In June 2017, avapritinib received Breakthrough Therapy Designation from the U.S. Food and Drug Administration (FDA) for the treatment of patients with unresectable or metastatic GIST harboring the PDGFRα D842V mutation. Previously, the FDA granted orphan drug designation and fast track designation to avapritinib. In addition, the European Commission has granted orphan drug designation to avapritinib. In May 2018, Blueprint Medicines announced plans to submit a New Drug Application to the FDA for avapritinib for the treatment of PDGFRα D842V-driven GIST in the first half of 2019.

About BLU-554

BLU-554 is an orally available, potent, irreversible inhibitor of FGFR4. BLU-554 was specifically designed by Blueprint Medicines to inhibit FGFR4 with exquisite selectivity, thereby sparing the paralogs FGFR1, FGFR2 and FGFR3. Blueprint Medicines is developing BLU-554, an investigational medicine, for the treatment of patients with FGFR4-activated HCC. Blueprint Medicines estimates that approximately 30 percent of patients with HCC have tumors with aberrantly activated FGFR4 signaling. The FDA has granted orphan drug designation to BLU-554.

About BLU-667

BLU-667 is an orally available, potent and highly selective inhibitor designed to target RET fusions, mutations and predicted resistance mutations. Blueprint Medicines is developing BLU-667, an investigational medicine, for the treatment of patients with RET-altered non-small cell lung cancer (NSCLC), medullary thyroid cancer and other solid tumors. BLU-667 was discovered by Blueprint Medicine’s research team leveraging its proprietary compound library. The FDA has granted orphan drug designation to BLU-667.

About CS1001

CS1001 is an investigational monoclonal antibody directed against PD-L1 being developed by CStone Pharmaceuticals. Authorized by the U.S.-based Ligand Corporation, CS1001 is a monoclonal antibody developed by the OMT transgenic animal platform, which can generate fully human antibodies in one step. As a fully human, full-length anti-PD-L1 monoclonal antibody, CS1001 mirrors natural G-type immune globulin 4 (IgG4) human antibody, which could reduce the risk of immunogenicity and potential toxicities in patients, a unique advantage over similar drugs.

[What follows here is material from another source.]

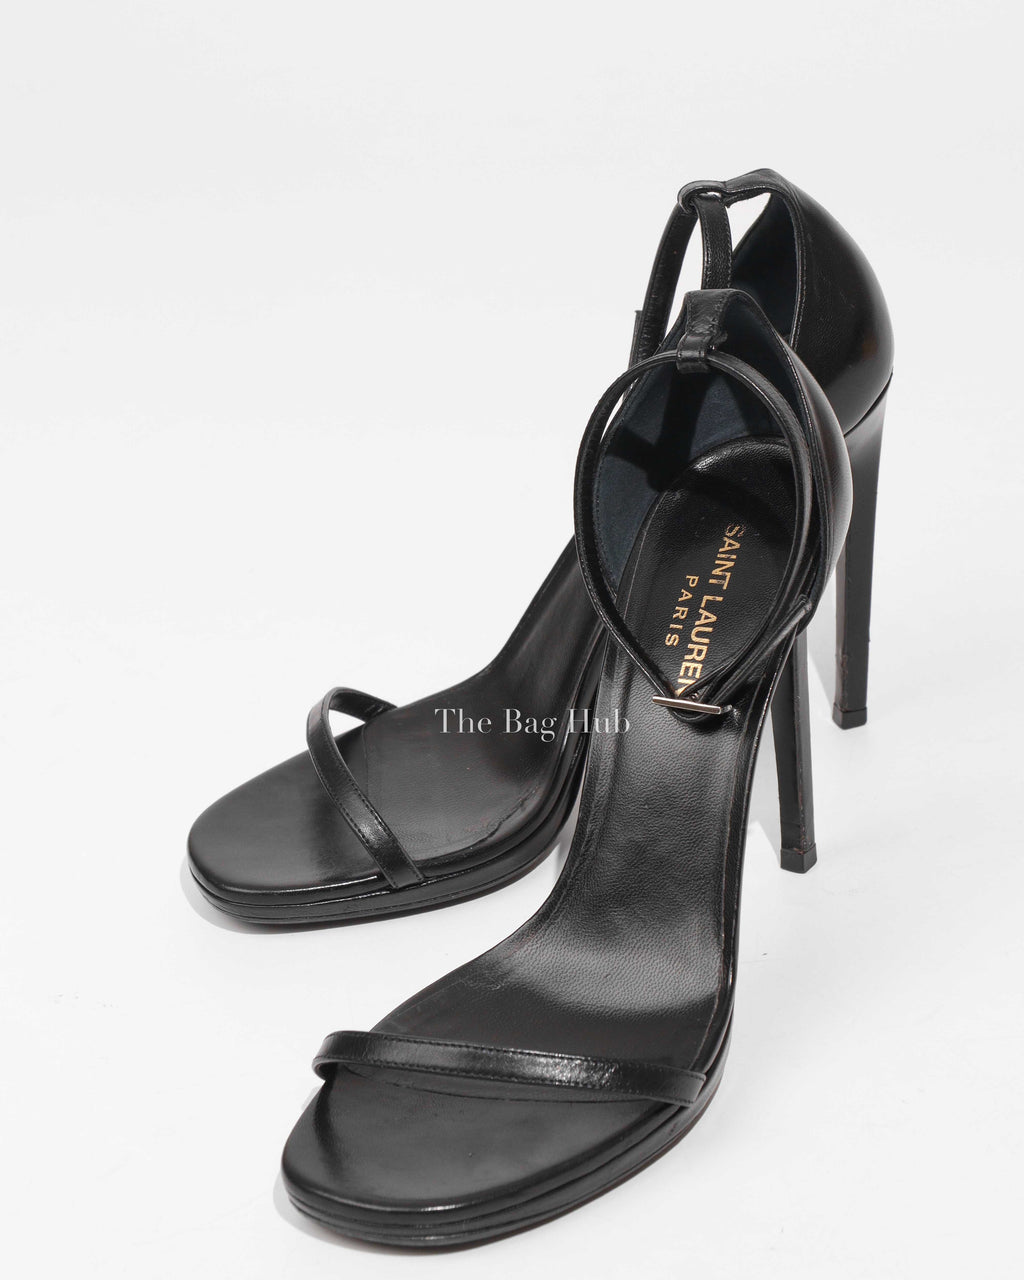 Saint Laurent Black Leather Jane Ankle Strap Sandals Size 39

A first-in-human Phase I study (CS1001-101) has been conducted by CStone Pharmaceuticals since October 2017 to evaluate the safety, tolerability, pharmacokinetics and anti-tumor activity of CS1001 in patients with advanced tumors in China. The Phase Ia (dose escalation) portion was completed in May 2018, and the Phase Ib (dose expansion) portion has recently started patient recruitment. In parallel, several pivotal studies are underway, including tumor types with high incidence and prevalence rates in China.